Have another look. He ignores Gibson, puts his hand on LaMarcus' shoulder with his finger in his face, leans in and clearly says "**** you" directly to LaMarcus. Gibson was already past him by the time he said it. I didn't really get the feeling he was joking, partly because I got the feeling LaMarcus was a little uncomfortable. But what the hell do I know? :biggrin:


----------



## crowTrobot (Jun 24, 2005)

BBert said:


> Have another look. He ignores Gibson, puts his hand on LaMarcus' shoulder with his finger in his face, leans in and clearly says "**** you" directly to LaMarcus. Gibson was already past him by the time he said it. I didn't really get the feeling he was joking, partly because I got the feeling LaMarcus was a little uncomfortable. But what the hell do I know? :biggrin:


EDIT:
ok i take it back, it's not meant for gibson since williams was apparently feuding with roy during the game.


----------



## HispanicCausinPanic (Jul 2, 2005)

The only thing I noticed during the game was Williams and BRoy talkin a little smack to each other while BRoy was shooting free throws after attempting a Dominique on Williams grill! I swear when he tried to throw that dunk down I jumped off the couch and screamed! PS- LA looked really good in that up-tempo type of game. I hope next year we speed things up!


----------



## nikolokolus (Jan 29, 2008)

Anybody else loving the fact that B. Roy seems to have something of an intimidation factor on the court ... sorta like the whole Gay v. Roy incident in the NCAA tournament a couple of years ago.


----------



## Entity (Feb 21, 2005)

HispanicCausinPanic said:


> The only thing I noticed during the game was Williams and BRoy talkin a little smack to each other while BRoy was shooting free throws after attempting a Dominique on Williams grill! I swear when he tried to throw that dunk down I jumped off the couch and screamed!


O-Live article on the game



> Brandon Roy received the pass and elevated himself for a dunk attempt. Sean Williams jumped a split-second later to block the shot.

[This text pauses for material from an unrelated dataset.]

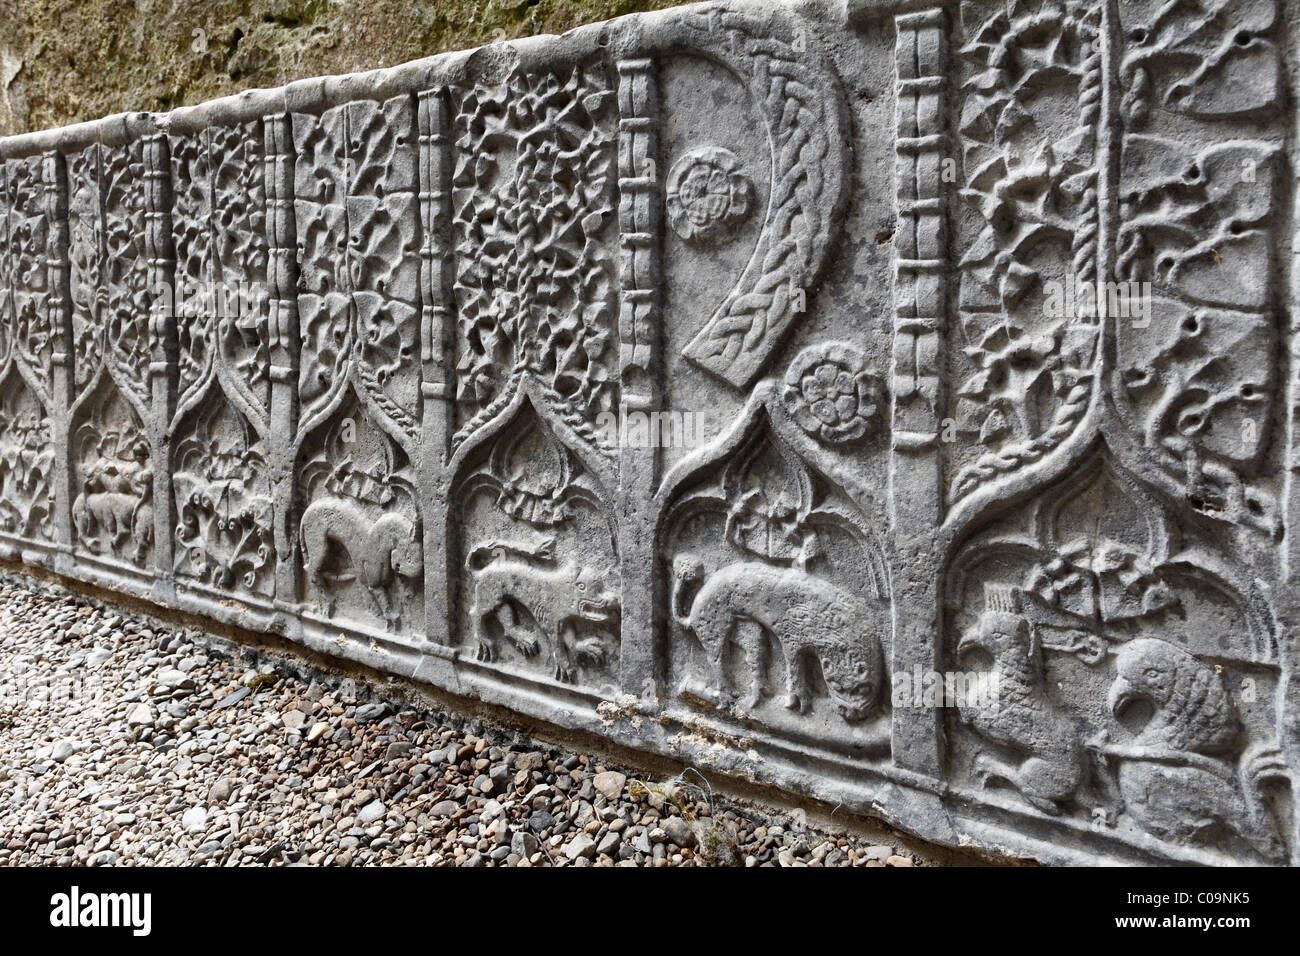 Rilievi in pietra e decorazioni su una lastra tombale, Rocca di Cashel, nella contea di Tipperary, Repubblica di Irlanda, Isole britanniche, Europa Foto Stock

Roy crashed into Williams, sending the rookie defender sprawling before the referee whistled Williams for a foul.
> 
> Roy shot Williams a look and the two continued to trash-talk while Roy attempted free throws.
> 
> "I tried to dunk one on him," Roy said. "I said, 'I almost had you on ESPN.' "


Haha!


----------



## NewAgeBaller (Jan 8, 2007)

barfo said:


> True, it's not _like_ that. It _is_ that. He did go out and do it in public.
> 
> barfo


Well it was clever and all but yea, you're wasting your time.


----------



## barfo (Jan 2, 2003)

NewAgeBaller said:


> Well it was clever and all but yea, you're wasting your time.


No, don't give up on yourself. You can still learn English.

barfo


----------



## NewAgeBaller (Jan 8, 2007)

barfo said:


> No, don't give up on yourself. You can still learn English.
> 
> barfo


k thanks man. any more "jokes"?


----------



## Darkwebs (May 23, 2006)

I rewatched the end several times and it appears that Sean Williams was saying "**** you" to all the players jokingly. He probably thought it would be funny to cuss at them instead of shaking hands and saying, "Good game".


----------



## BBert (Dec 30, 2004)

Darkwebs said:


> I rewatched the end several times and it appears that Sean Williams was saying "**** you" to all the players jokingly. He probably thought it would be funny to cuss at them instead of shaking hands and saying, "Good game".


Could be. I hope that was the case. That still would make him an idiot, but not a malicious one. :biggrin:


----------



## NewAgeBaller (Jan 8, 2007)

BBert said:


> Could be. I hope that was the case. That still would make him an idiot, but not a malicious one. :biggrin:


Yea, exactly. He's still a bit stupid but he wasn't being disrespectful or whatever you want to take out of it..


----------



## alext42083 (Nov 7, 2003)

I get the impression Sean Williams is just a little too immature sometimes. Probably didn't mean anything mean, but he just doesn't know any better.

He's a freak of nature, but has a lot of growing up to do.


----------